AMC Entertainment may have tripled from its lows during the height of the panic selling, but the company disclosed in a filing with the U.S. Securities & Exchange Commission that the company has “substantial doubt” that it can remain open for business. The company is looking to trim its debt down, but the reality is that it’s at risk with no revenues and many fixed costs just to keep the leases and structures in good working order.

AMC is set to report earnings on Tuesday, June 9, after the market closes, and there are no hopes that there can be anything good in the first quarter. For guidance, how can they even get people into the movie theaters yet? Moviemakers also are delaying key movie releases because they have already sunk their costs and want to recoup those costs with live theater revenues. “Mulan” and the two or three decade late sequel to “Top Gun” are just some of the films that were delayed, and movie and filming production are still in most cases nonoperational.

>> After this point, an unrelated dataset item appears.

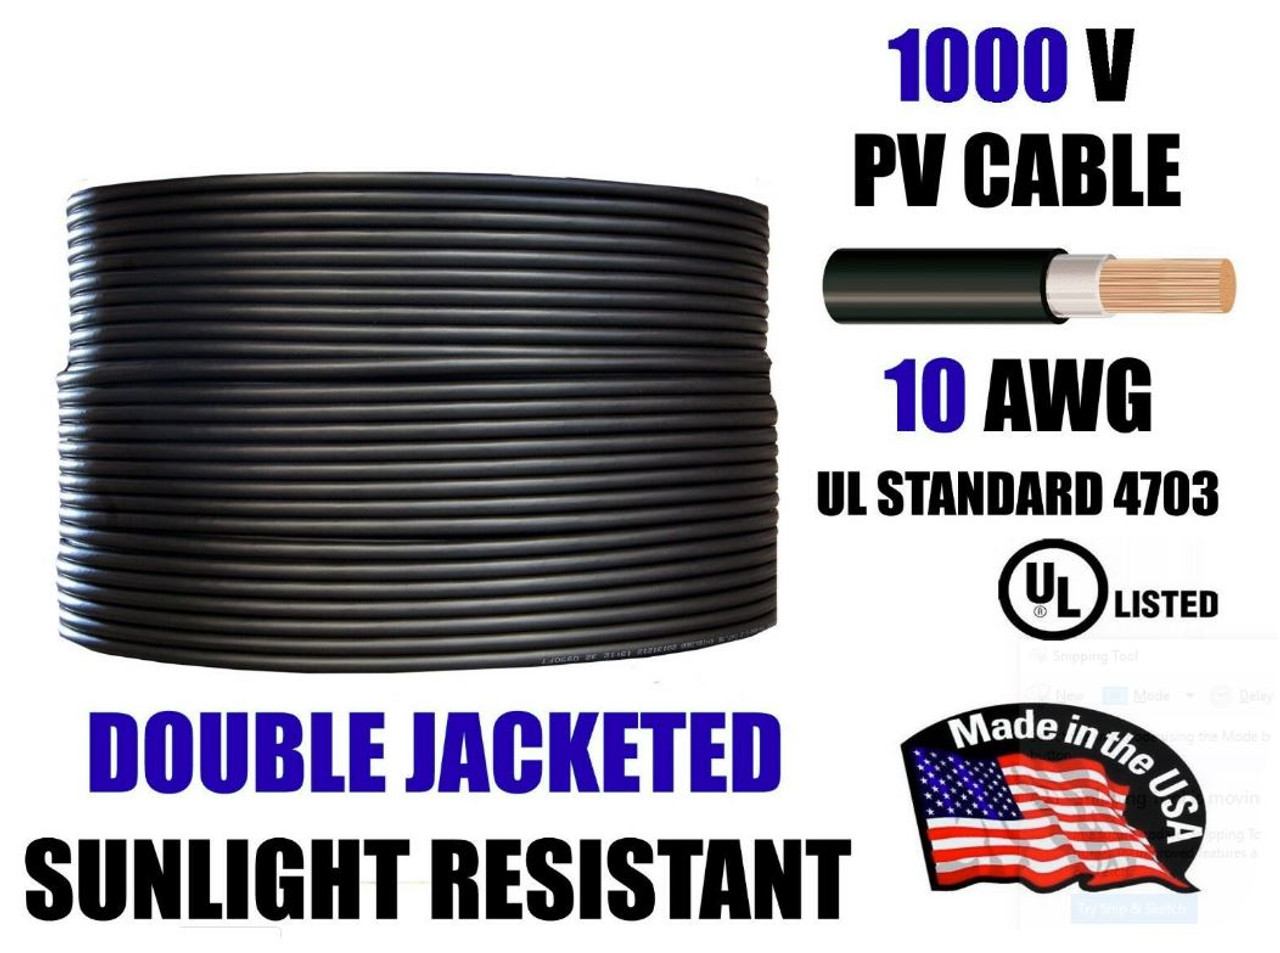 dulce recibo élite 10 AWG Gauge PV Wire 1000V Pre-Cut for Solar Installation Double Jacketed  Copper, Sunlight Resistant, USA Made

AMD might lose as much as $2 billion on a net basis, but the company is planning to lower its outstanding debt by 20% via a debt exchange offer to certain bondholders to lower the principal due while bumping its interest rates on the notes. The notes at issue have a face value of about $2.3 billion with an average coupon of 6% or so. The proposed exchange would cut the principal due in half but would take the interest rates up closer to 12%.

Even with reducing the amount due ahead by half, and even keeping its interest payments flat due to the exchange, AMC’s future is in doubt. Its quarterly interest payments would be flat at $94 million, while its fixed expenses remain far about realistic new-normal operating expenses with employees, rents, improvements and so on.

Wedbush Securities believes that the current release slate of films appears to be overly optimistic. The firm’s Michael Pachter also noted that the probability of a reshuttering of theaters and additional delays to the movie release dates present real risks for AMC.

Wedbush sees a slow recovery throughout this theater chain’s global footprint. Europe is poised for an earlier opening, but a delay in release dates would keep consumers away from wanting to go see live movies for longer. Pachter noted that AMC’s solvency may remain an issue. The firm’s Neutral rating was maintained, and the former $3 price target was raised to $5. The company’s normalized valuations also assume “things return to normal by 2022.”

On May 25, MKM Partners raised AMC’s target to $5 from $1 and raised its former Sell rating to Neutral. MKM’s Eric Handler had downgraded AMC to Sell back on April 9, and his view at that time was that the bankruptcy risks were lower with a reopening in July to August. Handler’s report did voice concern over its net leverage and absolute level of debt, but that was also before AMC’s “substantial doubt” warning.

Short sellers remain rather active in the theater companies. Cinemark’s short interest of 12.65 million shares in the last report was about 12% of its entire float. AMC had a short interest of 22.64 million shares on last look, or about 44% of its float.

AMC’s shares were trading down 1.8% at $5.36 on Thursday, in a 52-week range of $1.95 to $12.49. Cinemark’s stock was up over 1% at $16.60, and its 52-week range was $5.71 to $41.60.